The metadata for evtgen dataset 700781 reads as follows:
{‘dataset_number’: ‘700781’,
‘physics_short’: ‘Sh_2214_Wmunu_maxHTpTV2_CFilterBVeto’,
‘e_tag’: None,
‘cross_section_pb’: 22935.0,
‘genFiltEff’: 0.1484349,
‘kFactor’: 1.0,
‘nEvents’: 49999391,
‘sumOfWeights’: None,
‘sumOfWeightsSquared’: None,
‘process’: None,
‘generator’: ‘Sherpa’,
‘keywords’: [‘Baseline’, ‘jets’, ‘muon’, ‘nlo’, ‘sm’, ‘w’],
‘description’: ‘Sherpa W+/W- → mu nu + 0,1,2j@NLO + 3,4,5j@LO with c-jet filter taking input from existing unfiltered input file.’,
‘job_path’: ‘Files · master · atlas-physics / pmg / MC Job Options · GitLab,
‘CoMEnergy’: 13600.0,
‘GenEvents’: 373518577,
‘GenTune’: ‘NULL’,
‘PDF’: ‘NULL’,
‘Release’: ‘AthGeneration_23.6.3’,
‘Filters’: ‘HeavyFlavorHadronFilter’,
‘cross_section_uncertainty’: 0.0,
‘hepmc_version’: 2,
‘release’: {‘name’: ‘2025r-evgen-13p6tev’}}
I’m still a little confused as to what this dataset contains because I’m not sure about the abbreviations in the physics_short description (and the job_path python file listed doesn’t help). Is this just W+c, with the c (mesons) decaying muonically, and the genFiltEfficiency taking into account both the c-jet filter efficiency and branching fraction for the c-meson muonic decay? Or am I interpreting this incorrectly?

zmarshal · 9 December 2025 06:09

Hi @rakhi ,

I’ve got some more documentation of the physics shorts in review now, so I hope it’ll be a little better soon. Breaking this one down:

Sh: Sherpa
2214: Sherpa version 2.2.14
Wmunu: W bosons decaying to mu neutrino (it’s the W decay specifically that we’re talking about here)
maxHTpTV2: the sample is biased based on the maximum of the HT and the pT of the vector boson. Biasing means that the unweighted spectrum of events has more high-energy events, so that we have better statistical uncertainties at high energies (high HT / pTV here). That allows us to generate a single sample that has good statistics across the entire spectrum, rather than needing separate samples for measurements interested in the bulk of the cross section and for searches that are interested in tails.
CFilterBVeto: the matrix elements are required to have at least one c-quark and no b-quark.
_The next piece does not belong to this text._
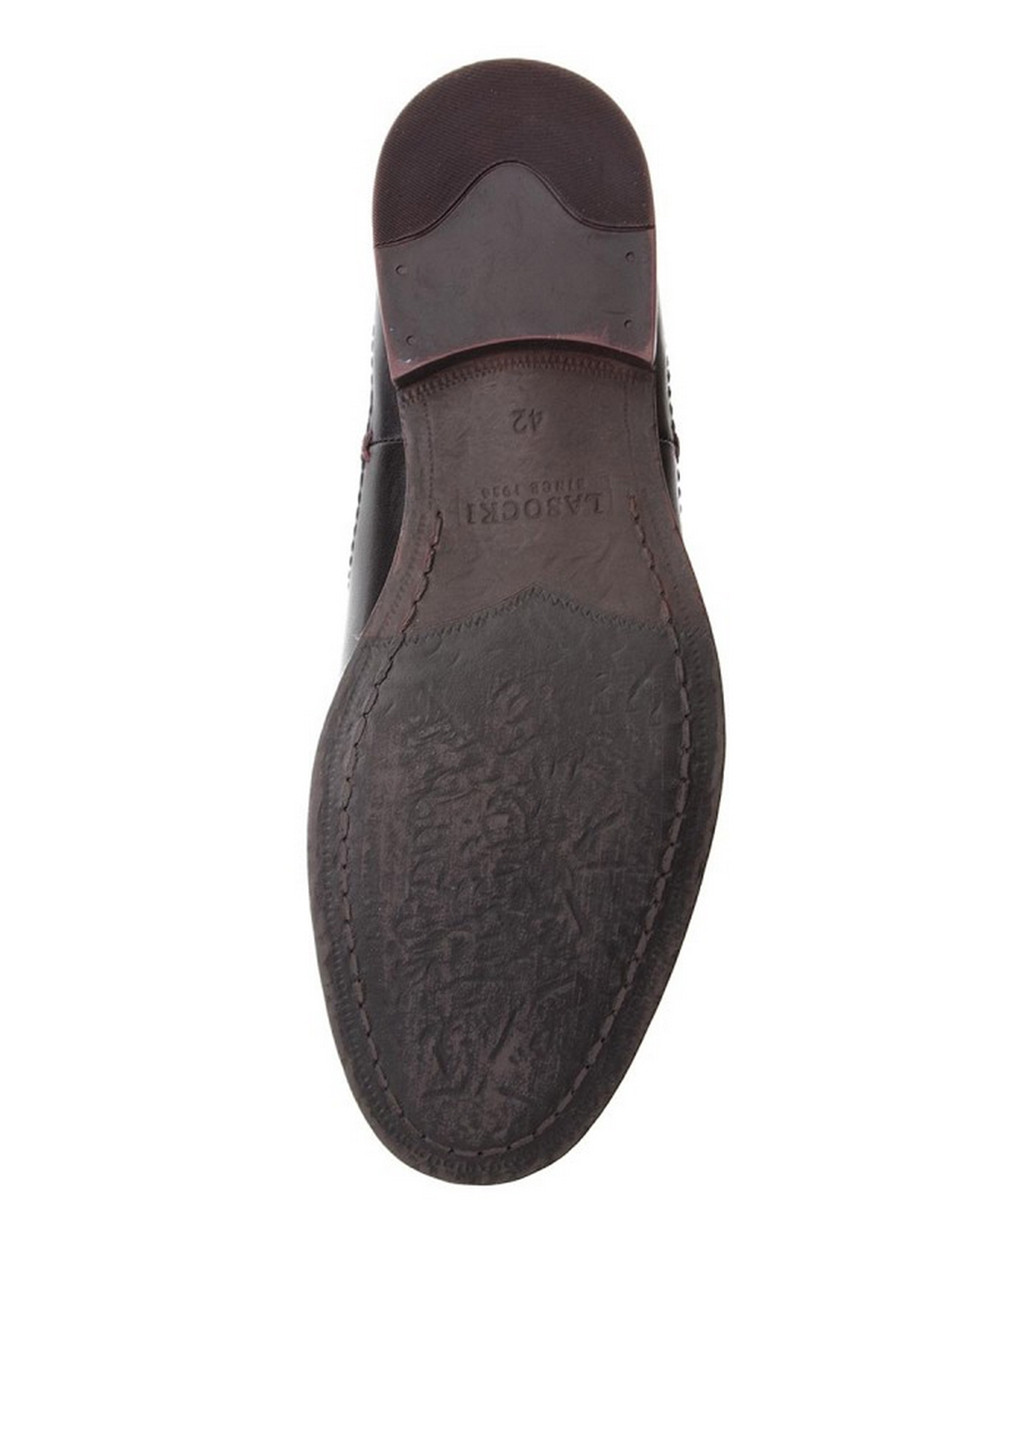 Черные осенние черевики lasocki for men mi07-c322-360-16 Lasocki for men
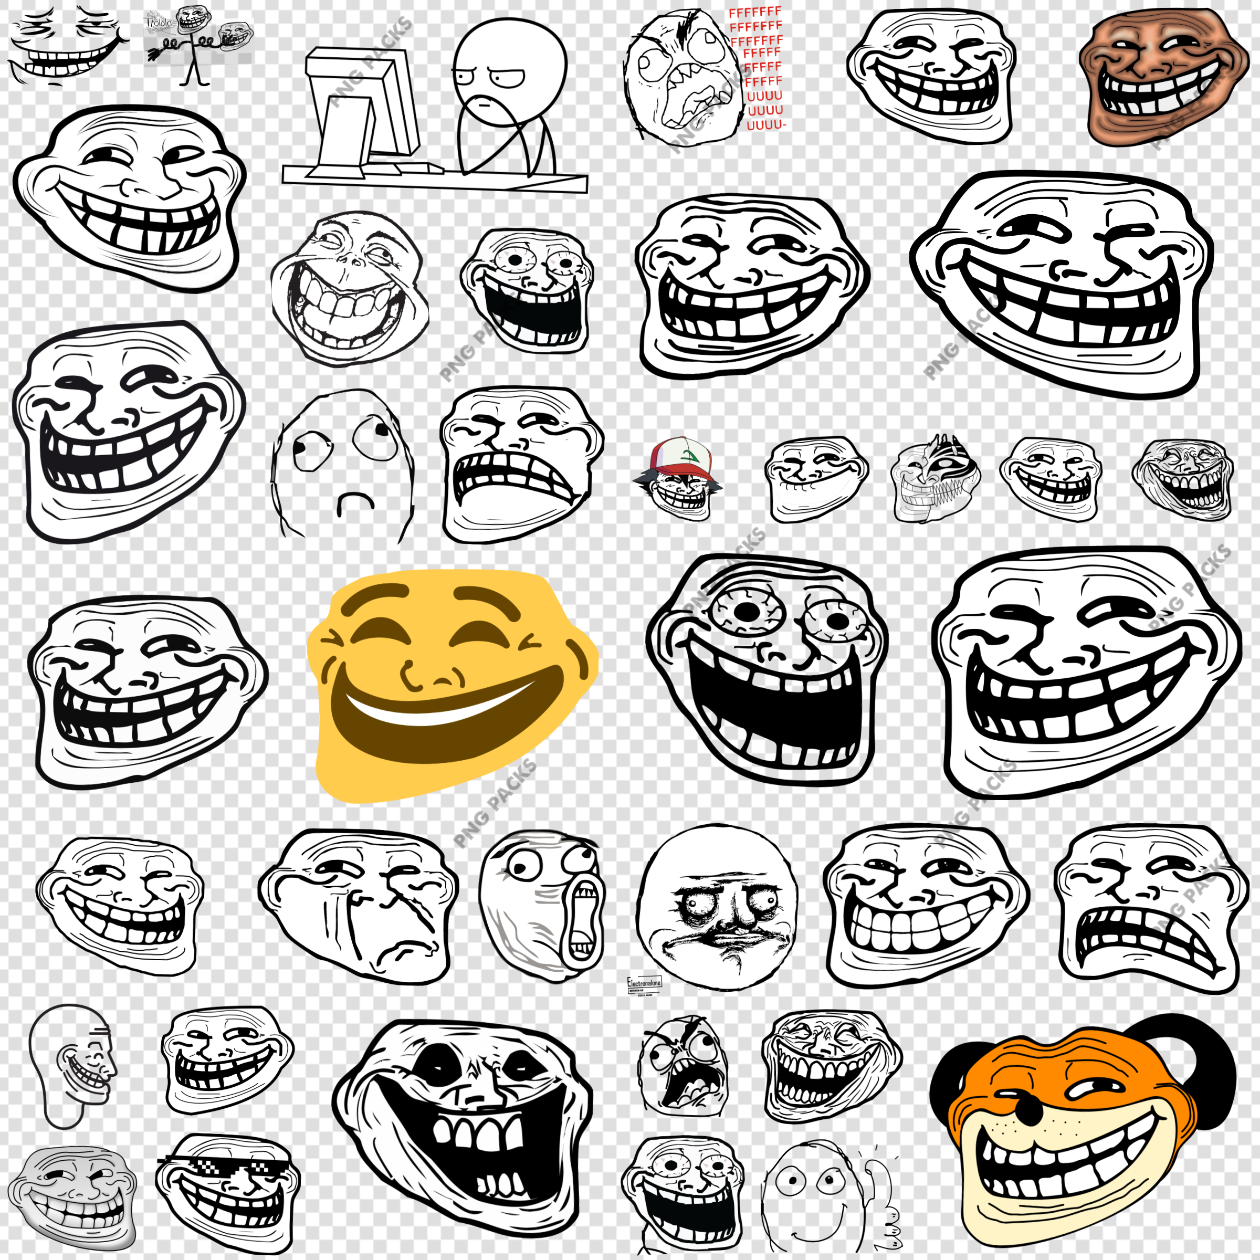 Trollface Internet Meme PNG Transparent Images Download - PNG Packs

Similarly, BFilter means at least one b-quark in the matrix element, and CVetoBVeto means no b-quark or c-quark in the matrix element.

I hope that helps!

Best,
Zach

rakhi · 9 December 2025 08:44

Thanks Zach, that’s very helpful. (Assume in the final sentence you meant either “CVetoBVeto” or" “at least one b-quark and at least one c-quark in the matrix element”?)

Any chance we can lay our hands on an alternate set where the c-meson decays muonically too? Some collaborators and I are trying to estimate the FNP background for a dimuon search using the fake factor method, and this would likely be our leading background.

zmarshal · 10 December 2025 07:16

Hi @rakhi ,

Sorry, yes — I’ve edited the post above to be correct. The new documentation is live, btw:

I’m not sure if we have an inclusive sample like the one you’re describing. We’ve got this that’s included in the 13 TeV open data:

(‘300005’, ‘Pythia8B_AU2_CTEQ6L1_JpsimumuWmunu’)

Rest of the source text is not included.